Cumulative Job and Fiscal Impacts For Cases 1 and 2 The cumulative job effects are shown in Chart 2. It shows that the ECITC has a significant total job effect relative to not having the ECITC (i.e. Case 2). This relative effect is significantly greater if one assumes that the installation jobs lost due to the elimination of the ECITC result in permanent unemployment as Chart 2 shows. Chart 2: Case 1 and 2 Cumulative Total Job Effects
Source: Table 4 The cumulative fiscal impacts are shown in Chart 3. It shows that fiscal impacts of the ECITC (i.e. Case 1) are increasingly positive in contrast to the increasingly negative fiscal impacts caused by ECITC elimination (i.e. Case 2). This relative effect is significantly greater if one assumes that the installation jobs lost due to the elimination of the ECITC result in permanent unemployment as Chart 3 shows. Chart 3: Case 1 and 2 Cumulative Total Fiscal Impacts
Source: Table 4 Impact Changes Due to Base Case Scenario Assumption Changes The results presented in Tables 2 and 3 are for the base case scenario. As noted, the base case scenario assumes that the solar system purchase is financed, the purchaser receives a $728 rebate from the electric utility via the Demand Side Management (DSM) program and oil costs increase at a real average annual rate of 0.2% over the life of a solar system. Altering any of these assumptions alters the estimated economic and fiscal impacts of the ECITC. The changes discussed below are made relative to the base case scenario. System Financed versus Purchased with Cash: If a system is financed rather than purchased both the overall economic and fiscal impacts remain approximately the same as the cash purchase situation.
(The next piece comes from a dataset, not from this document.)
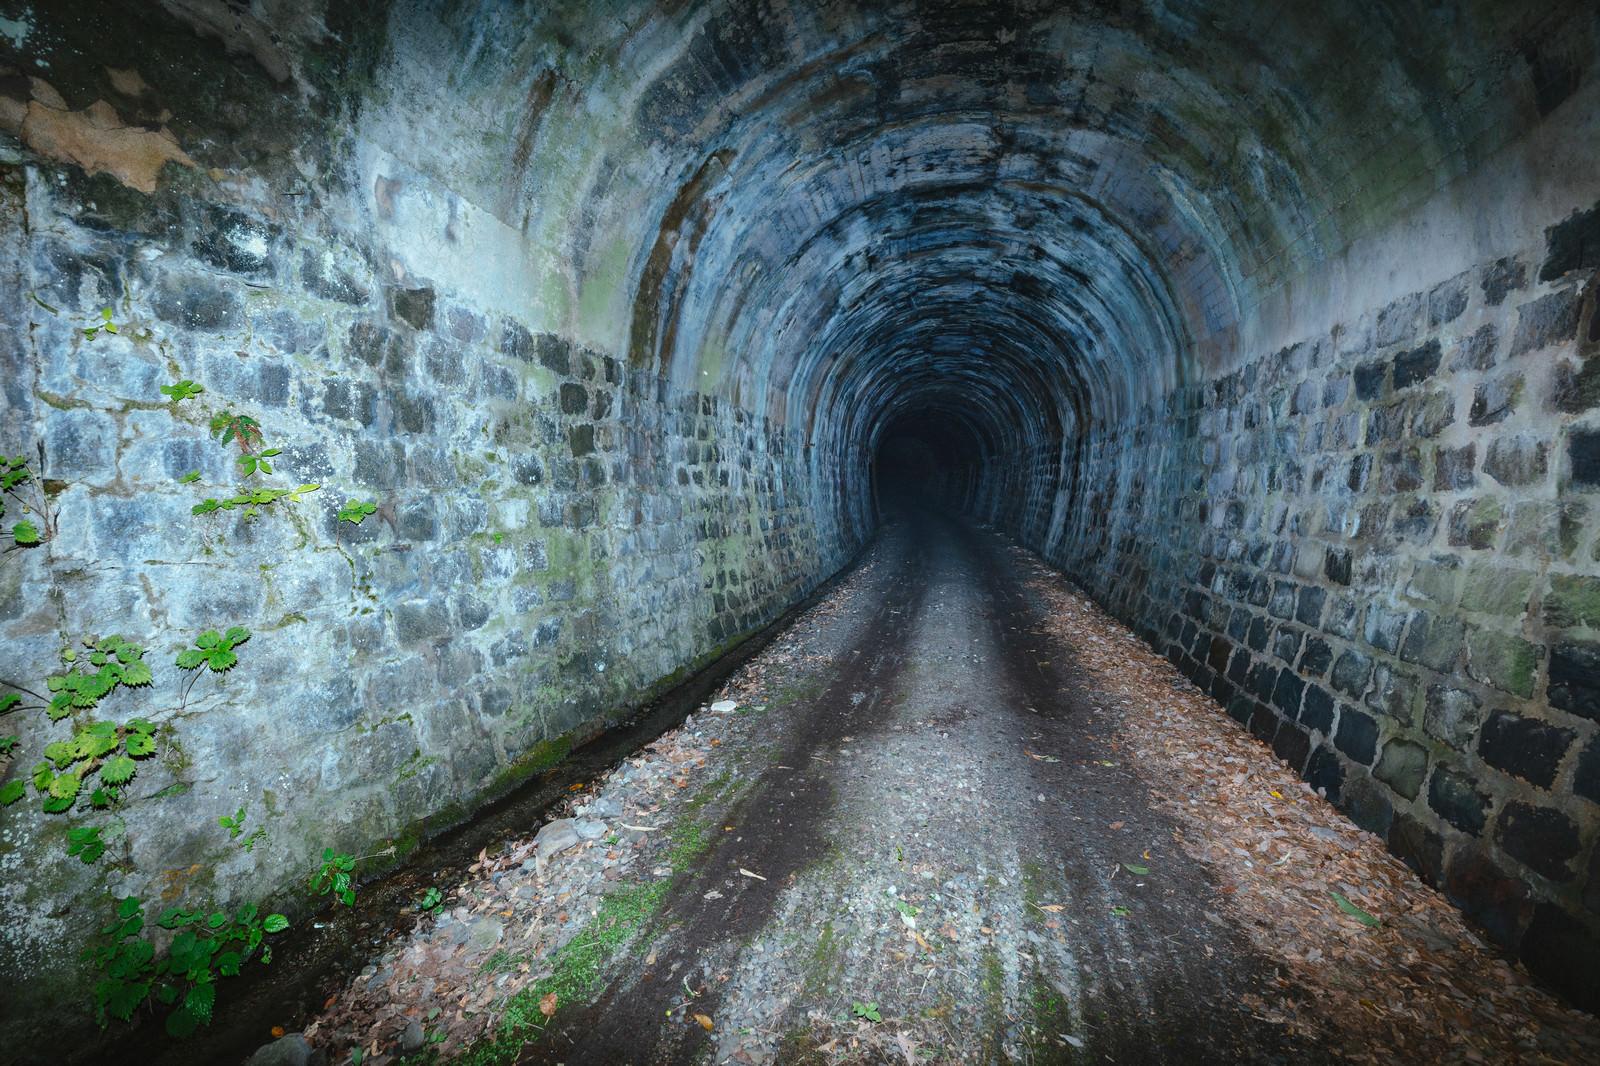 「電灯のない使われていないトンネル   写真の無料素材・フリー素材 - ぱくたそ」の写真

However, the year 1 negative fiscal impact is greater than a financed purchase where as year 2-25 positive fiscal impacts are greater. Likewise, year 1 positive economic benefits are deferred to years 2-25 from year 1. DSM Rebate of $1000: If the DSM rebate is $1000 for Oahu retrofits, or the same as the DSM rebate level for new Oahu systems and system purchases on neighbor islands, the economic and fiscal impacts improve by 25-30% relative to the current $500 rebate level. Oil Prices: High (low) oil price changes increase (decrease) economic and fiscal economic impacts of the ECITC by 25% (-30%). Economic and Fiscal Impacts Not Measured Tangible economic and fiscal impacts of the ECITC not measured in this analysis include the following.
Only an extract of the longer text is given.